Mark 8:34-38; Matthew 7:13-14; Proverbs 14:12, 16:25
The old saying goes like this: “First you make your way and then your way makes you.” Another person says it like this: “You become what you love.” Jesus is crystal clear. Your choices and commitments ultimately define who you are, what you do, how you experience life, what you become, what you stand for, and the imprint you leave on the earth. If all that is true, then you should pay extremely close attention to your choices and commitments.
Each of the passages for today describe this reality. First, do some Bible study and make a list of what you learn about choices and commitments. Then, reflect on the most important choices and commitments you have made through life. How have those choices and commitments shaped you? Are you facing any new choices? How do you make good choices?

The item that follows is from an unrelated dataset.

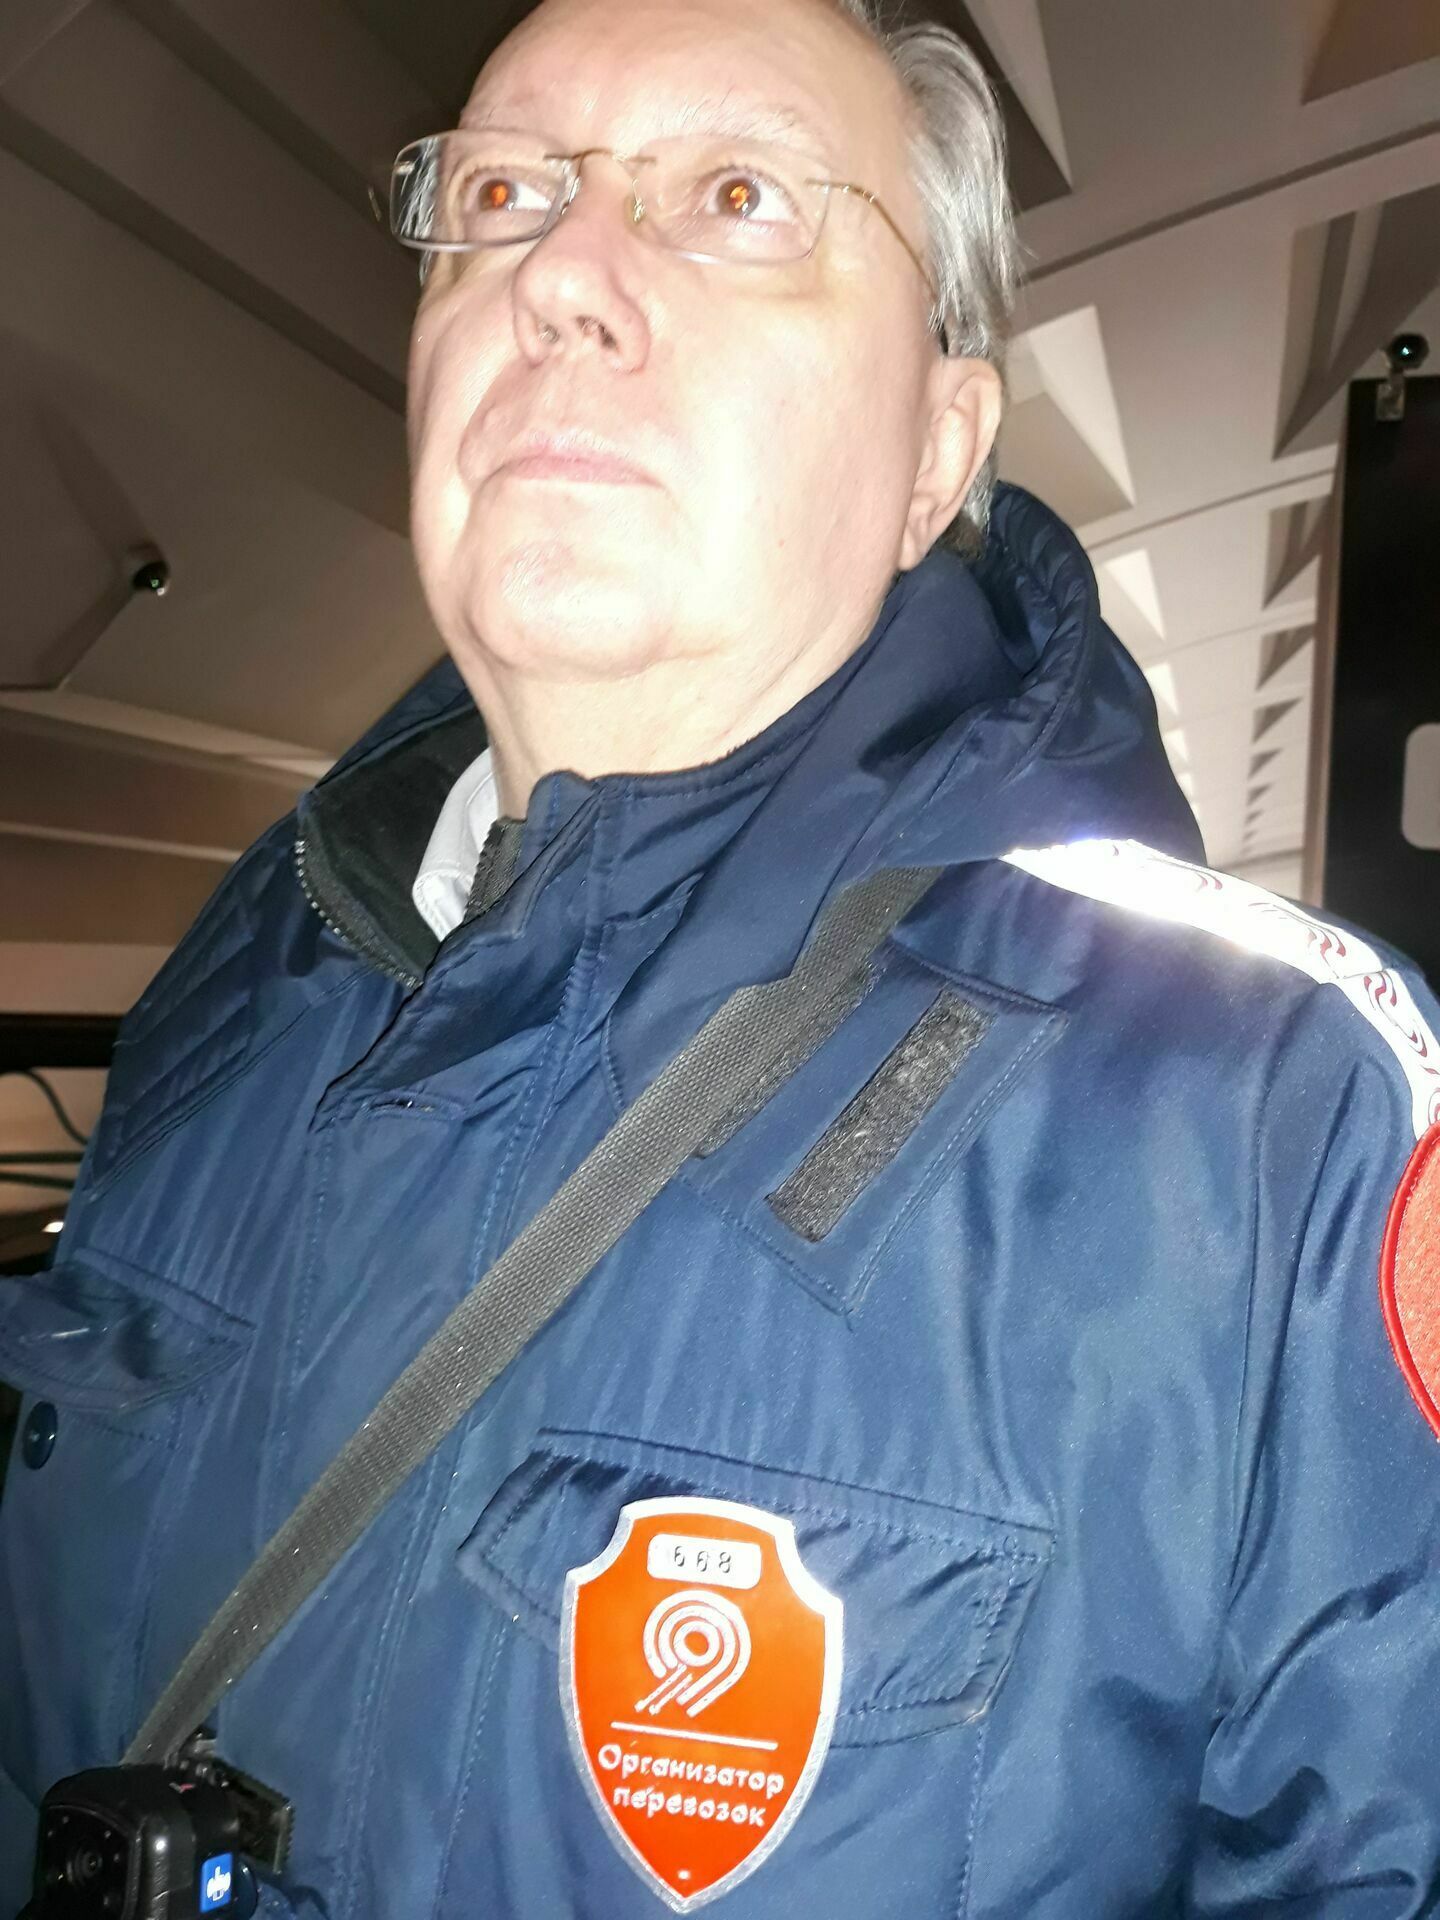 Этот контролер на станции метро "Славянский бульвар" признался, что не имеет права задерживать людей на самокатах: " Я же документы у них не проверю - права не имею".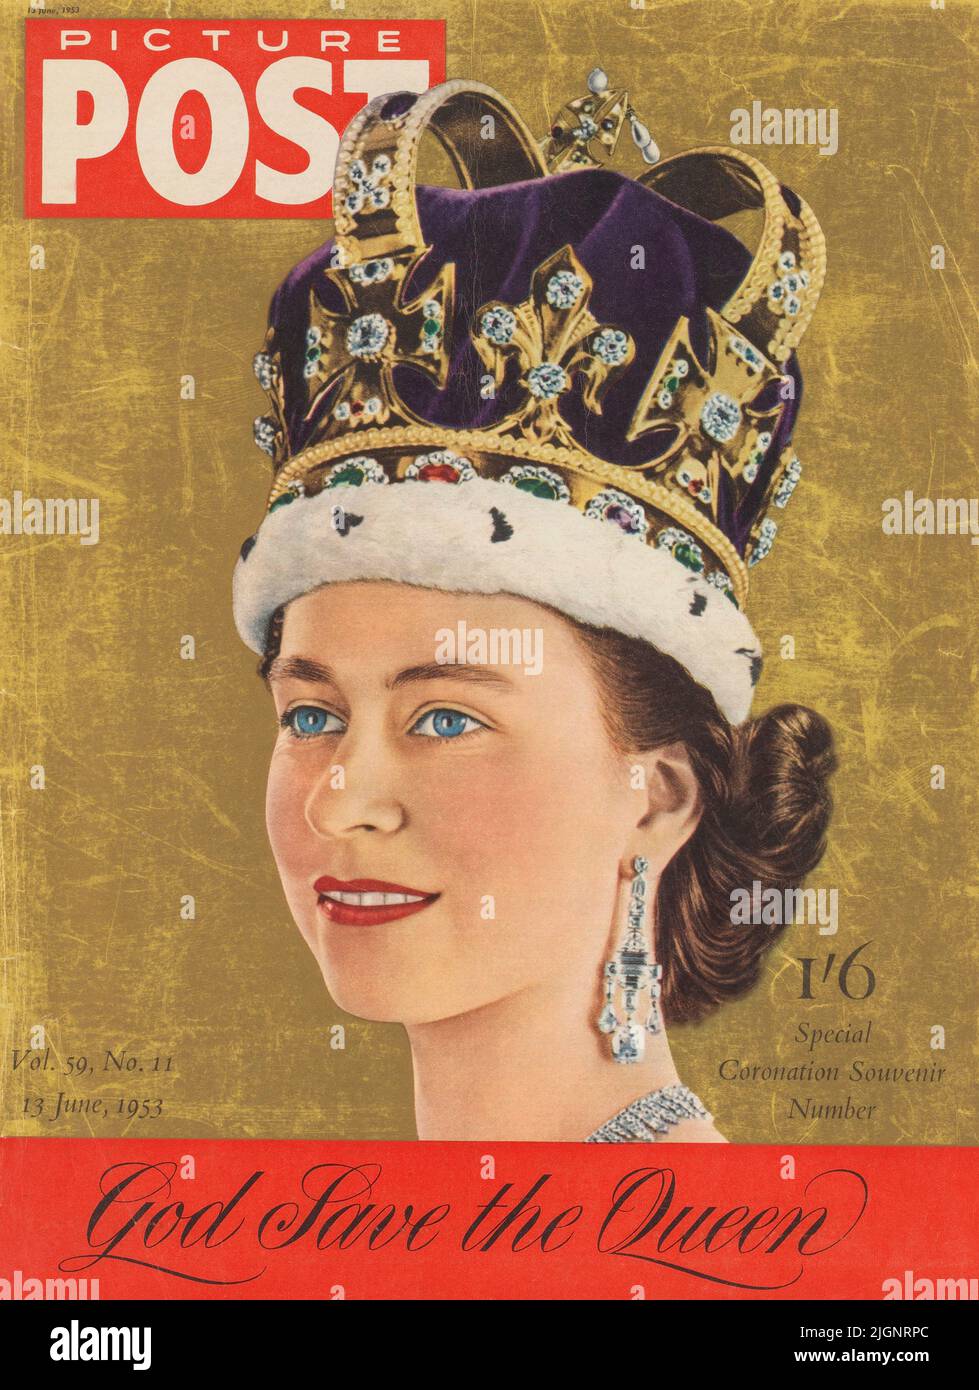 Special Coronation Souvenir, junio de 1953. Homenaje de la revista Picture Post a la Reina Isabel II (1926 - 2022) después de su coronación. SÓLO EDITORIAL. Foto de stock

How are you at following through on your choices? We now live in a culture where we no longer want to remain committed to the choices we have made. We see commitments as flexible, short-term, mainly for self-fulfillment, and therefore, immediately breakable if something better comes along!
What commitments have you broken? And who has broken commitments made to you?
Jesus makes an unbreakable commitment to you. Jesus asks for your steadfast commitment back to him. How are you doing with your steadfast commitment to Jesus?
As you read each chapter this week, keep these reflection questions in mind:
• What does this chapter teach me about Jesus’ character?
• What does this chapter teach me about what Jesus is doing?
• What difference will reading this chapter make in my life?
• What does this chapter tell me about what Jesus wants from me?
Then pray and look to “practice the presence and pursue the purposes of Jesus” according to what you have read.
The parable of the Good Samaritan would have been scandalous for those listening to Jesus speak! Samaritans could never be good in the eyes of Jesus’ Jewish followers. Jesus is often surprising in his love and mercy. Jesus shows grace and dignity to the unlikely. Jesus’ love is never contained by boundaries of race, ethnicity, nationality, class, or position. Who are the Samaritans in our day? How can we reach out to them?
Often, when his followers asked a question, Jesus would respond in a parable. How does he respond in verse 2? Why do you think he responded that way? Rather than a parable, he gives them a simple model of prayer that we still follow today. What does verse 9 teach you about prayer?
This chapter contains quite a bit of teaching. How does verse 14 make you feel? Do you think this type of thinking is popular in our culture today? What other teachings from this chapter are very different from our culture today?
Jesus is the Son of God. He is doing the work that the Father sent him to do. This is fundamental to our understanding of Jesus during his time on earth. He is a picture of what God the Father is like. When we see him, we are seeing a picture of the Father. Also, what does this chapter teach you about the tension between the “already” and the “not yet?”